Signed-off-by: Alexey Makhalov <[email protected]>
Reviewed-by: Thomas Hellstrom <[email protected]>
---
Documentation/admin-guide/kernel-parameters.txt | 2 +-
arch/x86/kernel/cpu/vmware.c | 13 ++++++++++++-
2 files changed, 13 insertions(+), 2 deletions(-)

diff --git a/Documentation/admin-guide/kernel-parameters.txt b/Documentation/admin-guide/kernel-parameters.txt
index 87176a90e61a..07fbdccdd77c 100644
--- a/Documentation/admin-guide/kernel-parameters.txt
+++ b/Documentation/admin-guide/kernel-parameters.txt
@@ -3152,7 +3152,7 @@
[X86,PV_OPS] Disable paravirtualized VMware scheduler
clock and use the default one.

- no-steal-acc [X86,KVM,ARM64] Disable paravirtualized steal time
+ no-steal-acc [X86,PV_OPS,ARM64] Disable paravirtualized steal time
accounting. steal time is computed, but won't
influence scheduler behaviour

diff --git a/arch/x86/kernel/cpu/vmware.c b/arch/x86/kernel/cpu/vmware.c
index 59459992ad47..0c65d661d88b 100644
--- a/arch/x86/kernel/cpu/vmware.c
+++ b/arch/x86/kernel/cpu/vmware.c
@@ -125,6 +125,7 @@ static struct cyc2ns_data vmware_cyc2ns __ro_after_init;
static int vmw_sched_clock __initdata = 1;
static DEFINE_PER_CPU_DECRYPTED(struct vmware_steal_time, steal_time) __aligned(64);
static bool has_steal_clock;
+static bool steal_acc __initdata = true; /* steal time accounting */

static __init int setup_vmw_sched_clock(char *s)
{
@@ -133,6 +134,13 @@ static __init int setup_vmw_sched_clock(char *s)
}
early_param("no-vmw-sched-clock", setup_vmw_sched_clock);

+static __init int parse_no_stealacc(char *arg)
+{
+ steal_acc = false;
+ return 0;
+}
+early_param("no-steal-acc", parse_no_stealacc);
+
static unsigned long long notrace vmware_sched_clock(void)
{
unsigned long long ns;
@@ -306,8 +314,11 @@ static int vmware_cpu_down_prepare(unsigned int cpu)

static __init int activate_jump_labels(void)
{
- if (has_steal_clock)
+ if (has_steal_clock) {
static_key_slow_inc(&paravirt_steal_enabled);
+ if (steal_acc)
+ static_key_slow_inc(&paravirt_steal_rq_enabled);
+ }

return 0;
}
--
2.14.2

2020-03-20 20:52:12

by Alexey Makhalov

[permalink] [raw]
Subject: [PATCH 3/5] x86/vmware: Steal time clock for VMware guest

Steal time is the amount of CPU time needed by a guest
virtual machine that is not provided by the host. Steal
time occurs when the host allocates this CPU time
elsewhere: for example, to another guest.
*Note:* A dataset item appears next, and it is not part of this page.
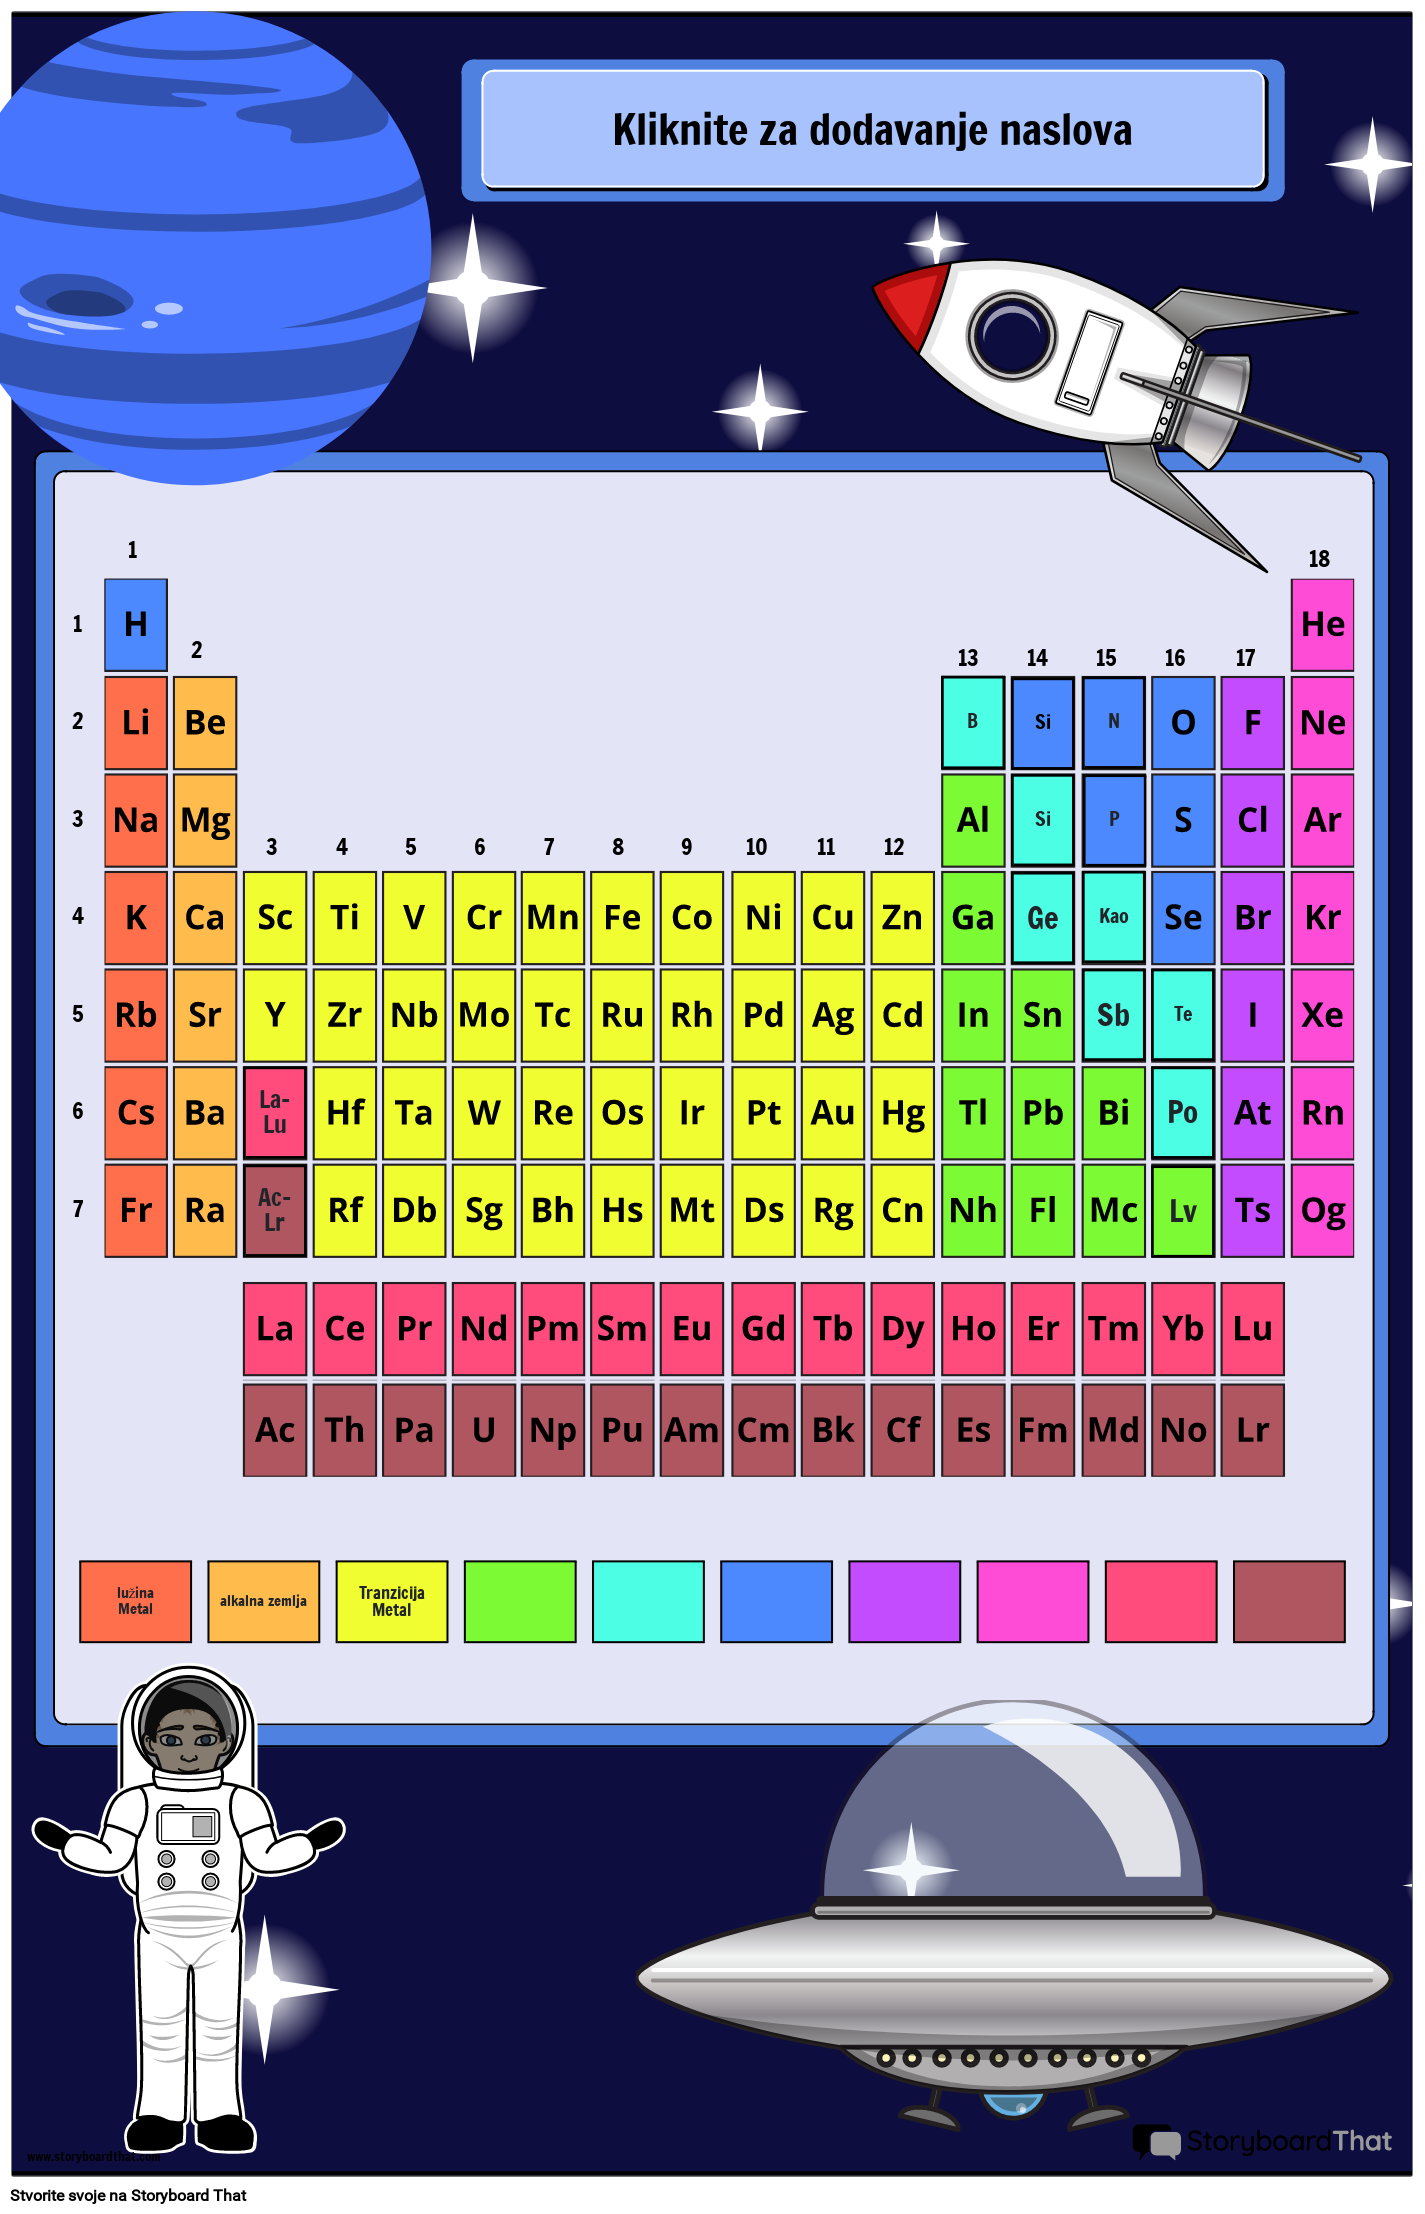 Svemirska Tema - Poster s Periodnim Sustavom Elemenata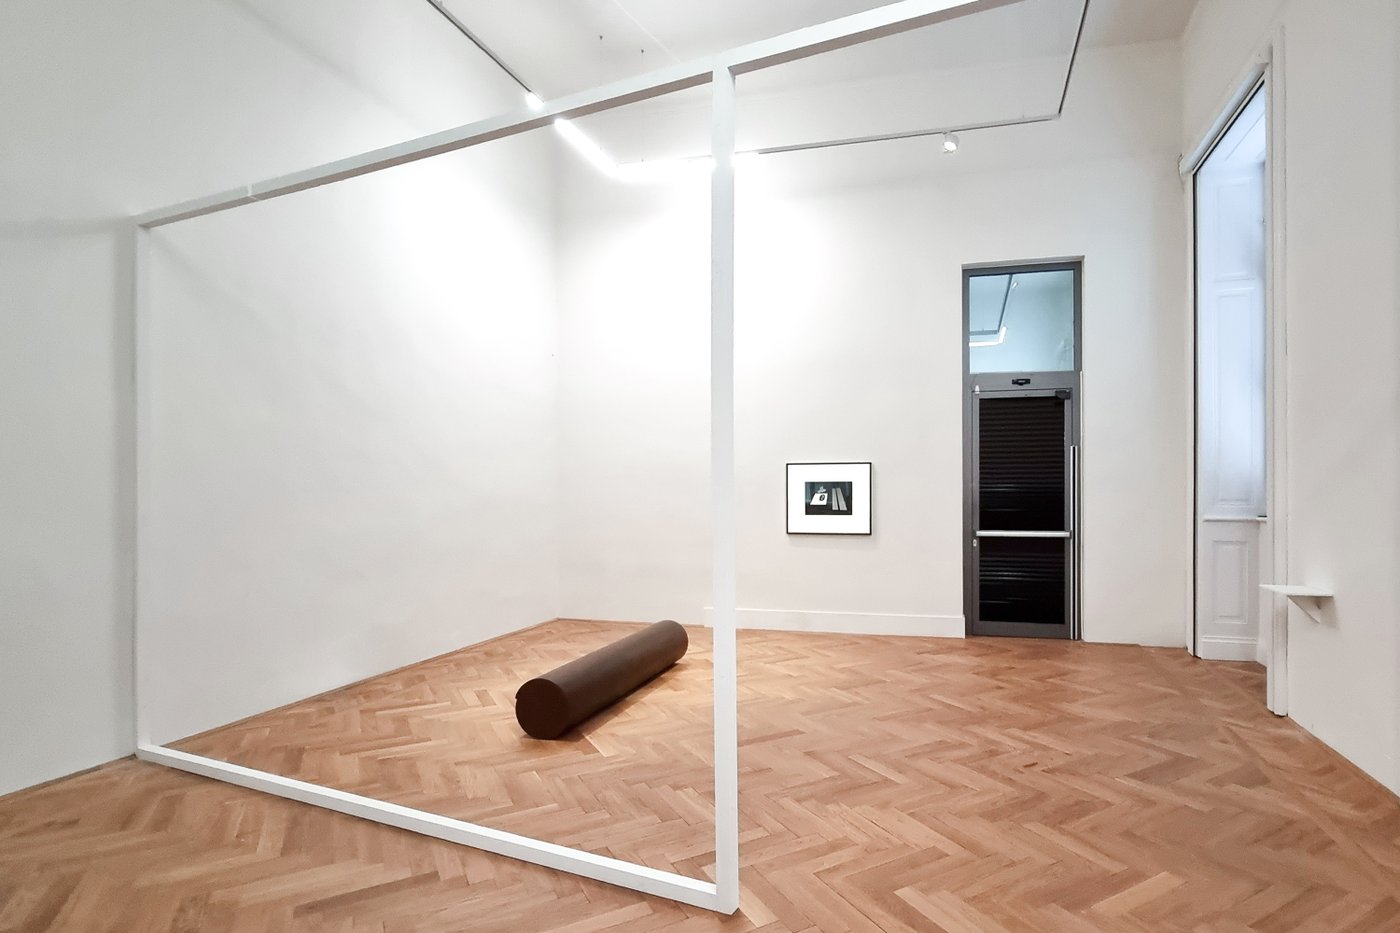 Ausstellungsansicht eines Raumes mit einem weißen Gestell, eine braune Holzrolle am Boden, im Hintergrund ein schwarz-weißes Bild an der Wand und eine geschlossene Türe

Steal time can be enabled by adding VM configuration option
stealclock.enable = "TRUE". It is supported by VMs that run
hardware version 13 or newer.

This change introduces the VMware steal time infrastructure.
The high level code (such as enabling, disabling and
hot-plug routines) was derived from KVM one.

[Tomer: use READ_ONCE macros and 32bit guests support]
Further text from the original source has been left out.